Let's clear some things up. Technically, L is a pointer to a pointer to a NodeType instance. However, the name of the function suggests a different interpretation: probably L is the address of a pointer to an array or a linked list of NodeType instances (you have to consult the documentation of the function to verify this).
If that is the case, then the function would typically be used like this:
NodeType *list = malloc (5 * sizeof(NodeType));
/* do something with the list, e.g. put entries into it */
DeleteLastNode (&list); /* delete last node in list */
The function probably modifies the variable pointing to the array/list, that's why you have to pass the address of list to the function.
But to say anything specific, we need more information about DeleteLastNode ().
Something that may help understand
NodeType **L
means L is a pointer to pointer to NodeType object.
For example, if it is
NodeType *P
then P is a pointer to NodeType object, and if P is 0xE0101010, and each NodeType object is 80 bytes, then P + 1 will be 0xE0101060 (0xE0101010 plus 0x50 = 0xE0101060).
Then let's look at L, which a pointer to pointer to NodeType. If we consider a pointer being 4 bytes, then if L is 0xE0202020, and L + 1 will be just 0xE0202024.
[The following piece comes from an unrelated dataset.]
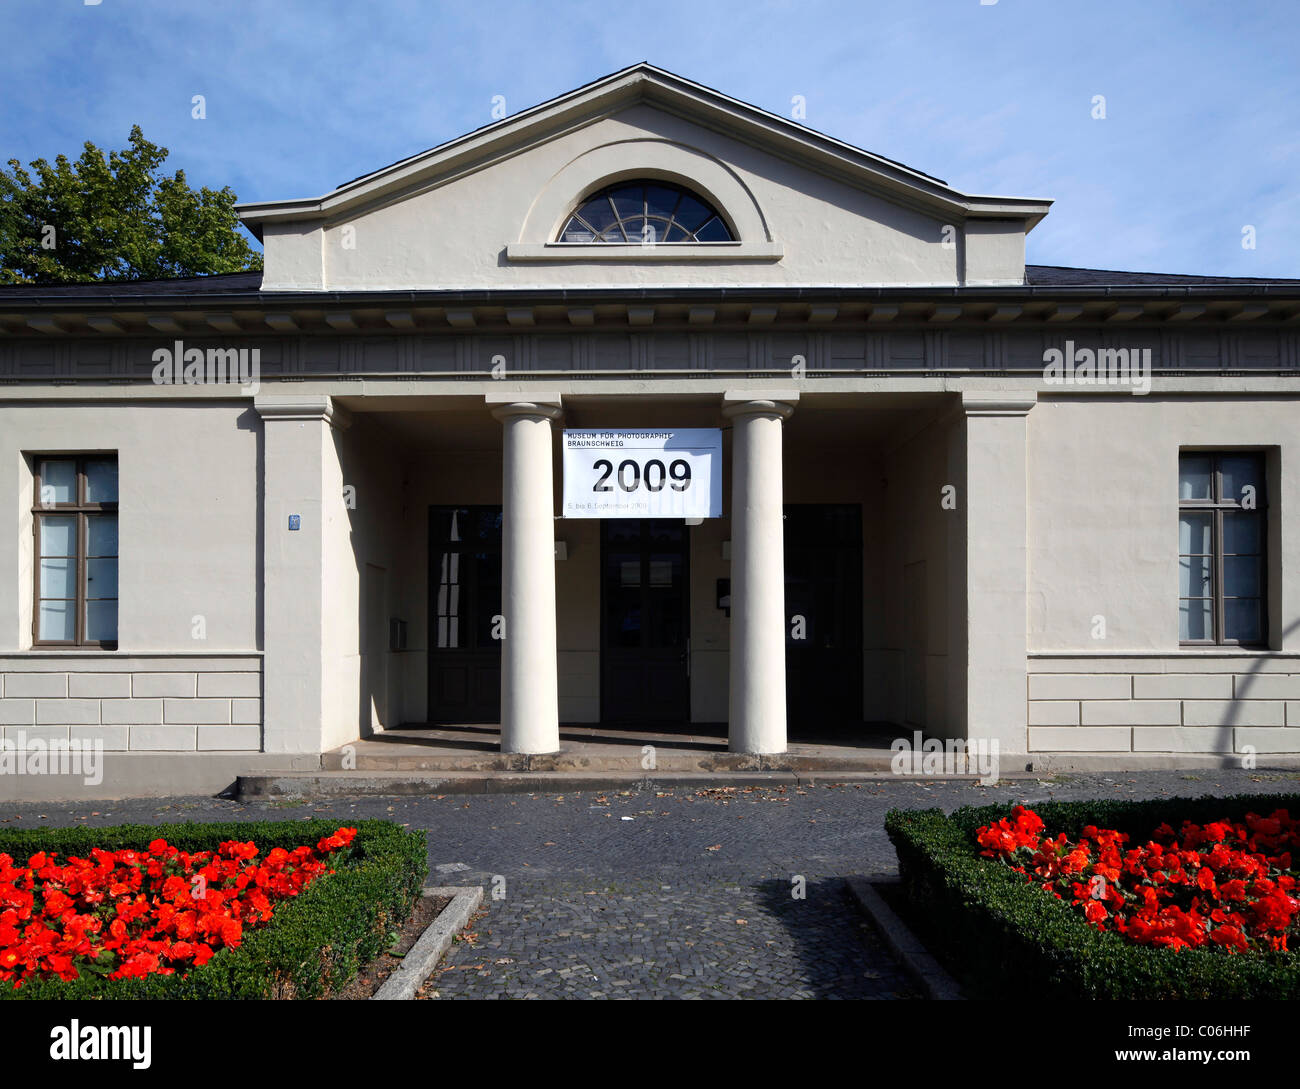 Ancien poste de douanes, d'un musée pour la photographie, Braunschweig, Basse-Saxe, Allemagne, Europe Banque D'Images

So it is important to use the right type, whenever pointer arithmetics is involved. Note that L[3] is the same as *(L + 3), so L[3] involves pointer arithmetics, therefore the pointer types need to be very precise, or else when you look at the content of where a pointer is pointing to by *L, which is call dereferencing, then a segmentation fault (Unix/Linux) or GP fault (Windows) can occur.
NodeType nt;
NodeType *pnt = &nt;
-------- ------
| pnt |-------->| nt |
-------- ------
Here, pnt (content of pnt) is &nt; *pnt is nt.
NodeType **L = &pnt;
------ -------- ------
| L |------->| pnt |-------->| nt |
------ -------- ------
Now L (content of L) is &pnt; *L is pnt; and thus **L is *pnt, which is nt. Note that *& cancels each other (*L -> *&pnt -> pnt).